— Кто вам наболтал? — резко спросил Крейг.
— Ветром занесло, — покачиваясь и ухмыляясь, ответил Слоун. — Мистраль нашептал.
— Вы ничего об этом не писали? — спросил Крейг.
— Я для светской хроники не пишу, — с достоинством сказал Слоун. — Хотя есть и такие, что пишут.
— А в светской хронике ничего не появлялось?
— Насколько я знаю, нет. Только я ее не читаю.
— Спасибо, Мэррей.
Крейг отошел от критика. Не за тем же он пришел, чтобы тратить время на Мэррея Слоуна. Он стал пробираться туда, где сидели Гейл и Хеннесси, и наткнулся на Корелли, итальянского актера, который сидел, сверкая улыбкой, на полу, будто мальчишка, вместе со своими непременными двумя спутницами. Крейг не мог вспомнить, те ли это девицы, которых он уже встречал, или не те.
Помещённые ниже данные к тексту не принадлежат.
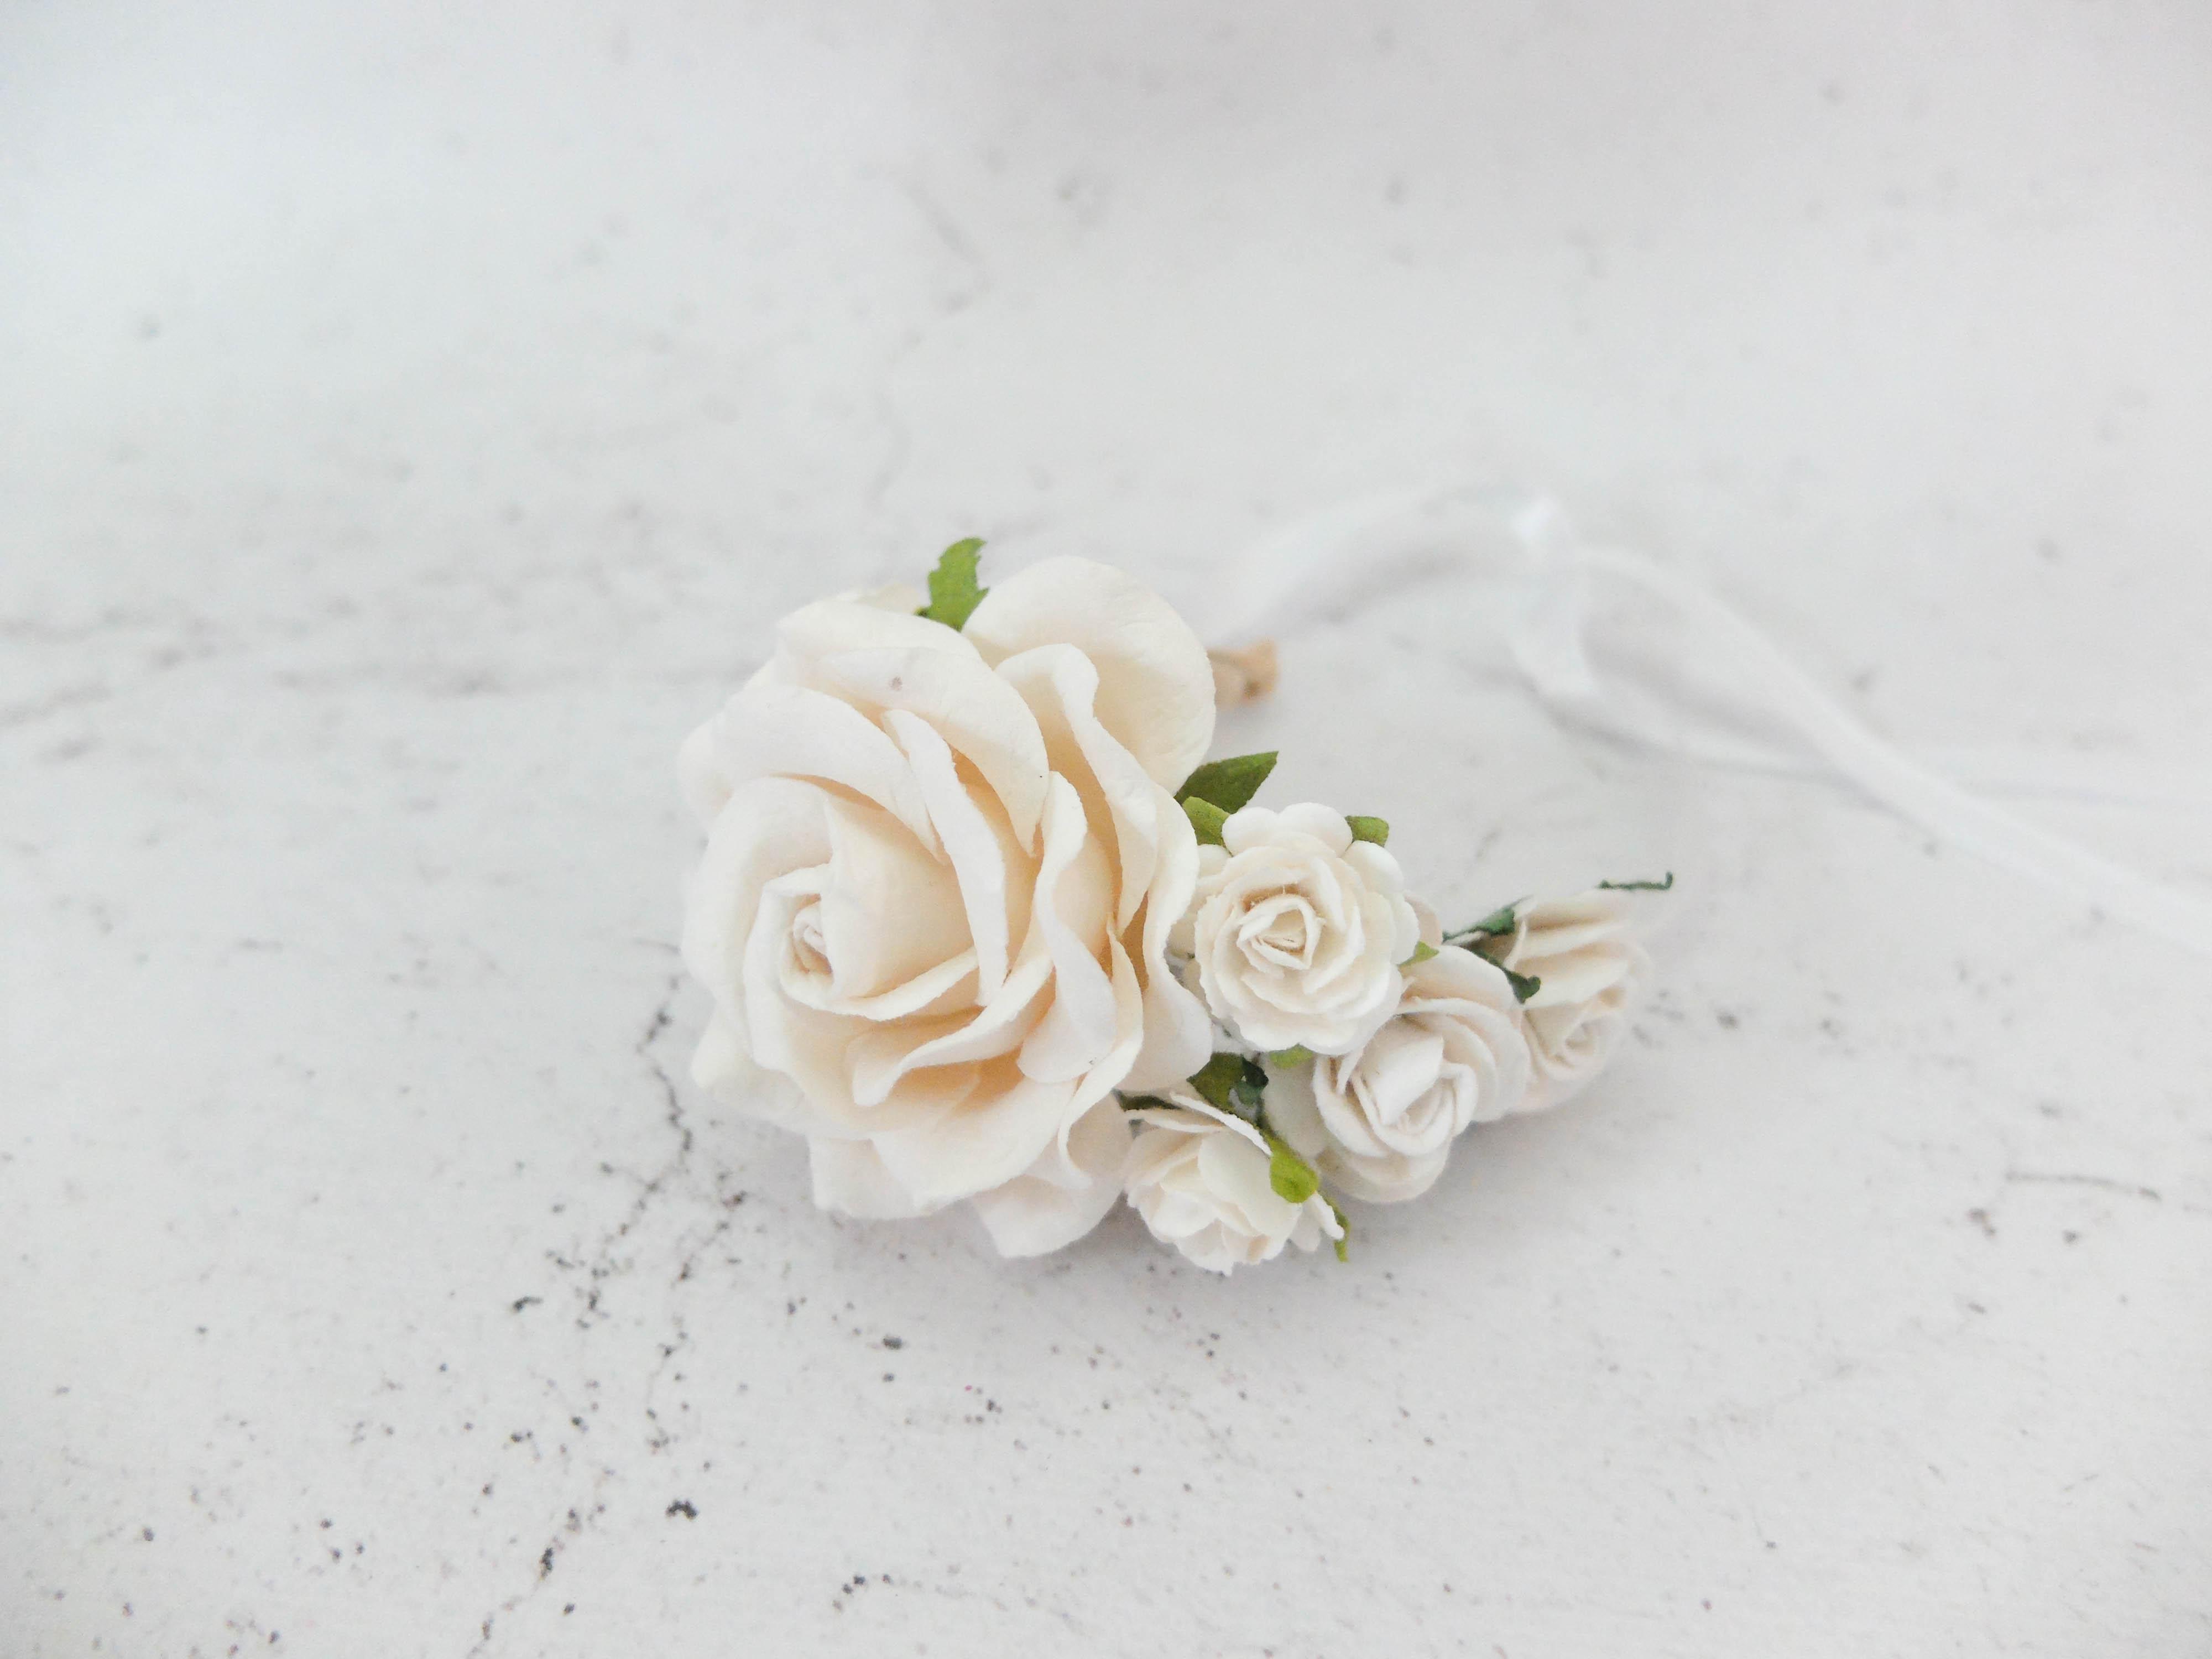 Wedding flower wrist corsage soft white bridal floral bracelet wedding flower junglespirit Gallery

Корелли тоже курил сигарету и давал покурить поочередно своим подружкам. Одна из них затянулась и сказала: — Дивный марокканский рай! — Крейг споткнулся о вытянутую ногу Корелли, и тот, мило улыбнувшись, сказал:
— Присаживайтесь к нам, мистер Крейг. Ну, пожалуйста. У вас лицо simpatico.[32] Правда, у мистера Крейга лицо simpatico, девушки?
— Molto simpatico,[33] — подтвердила одна из девиц.
— Извините, — сказал Крейг, стараясь ни на кого не наступить. — Поздравляю, Хеннесси. Говорят, вы всех сегодня сразили.
Хеннесси приветливо улыбнулся, попробовал встать, но упал на диван.
— На сегодня я себя обессмертил. Становлюсь новым Сесилем Б. де Миллем. Неплохой вечер, а? Выпивка, травка, слава и поздравления дирекции.
— Привет, Гейл, — сказал Крейг.
— А, Малколм Харт собственной персоной, — сказала Гейл.
Крейг не мог сказать, пьяна она или одурманена.
— Что, что ты говоришь? — недовольно пробурчал Хеннесси. — Разве я приглашал еще кого-нибудь?
— Это наша с Гейл шутка.
— Молодчина девка, — сказал Хеннесси, похлопав Гейл по руке. — Поила меня весь вечер, пока на Лазурном берегу решалась моя судьба. Все спрашивала про мою прежнюю жизнь. Начиная со времен рабства. Боксер-любитель, шофер грузовика, дублер-акробат, вышибала в бильярдной, бармен, рекламный агент… Кем я еще был, дорогая?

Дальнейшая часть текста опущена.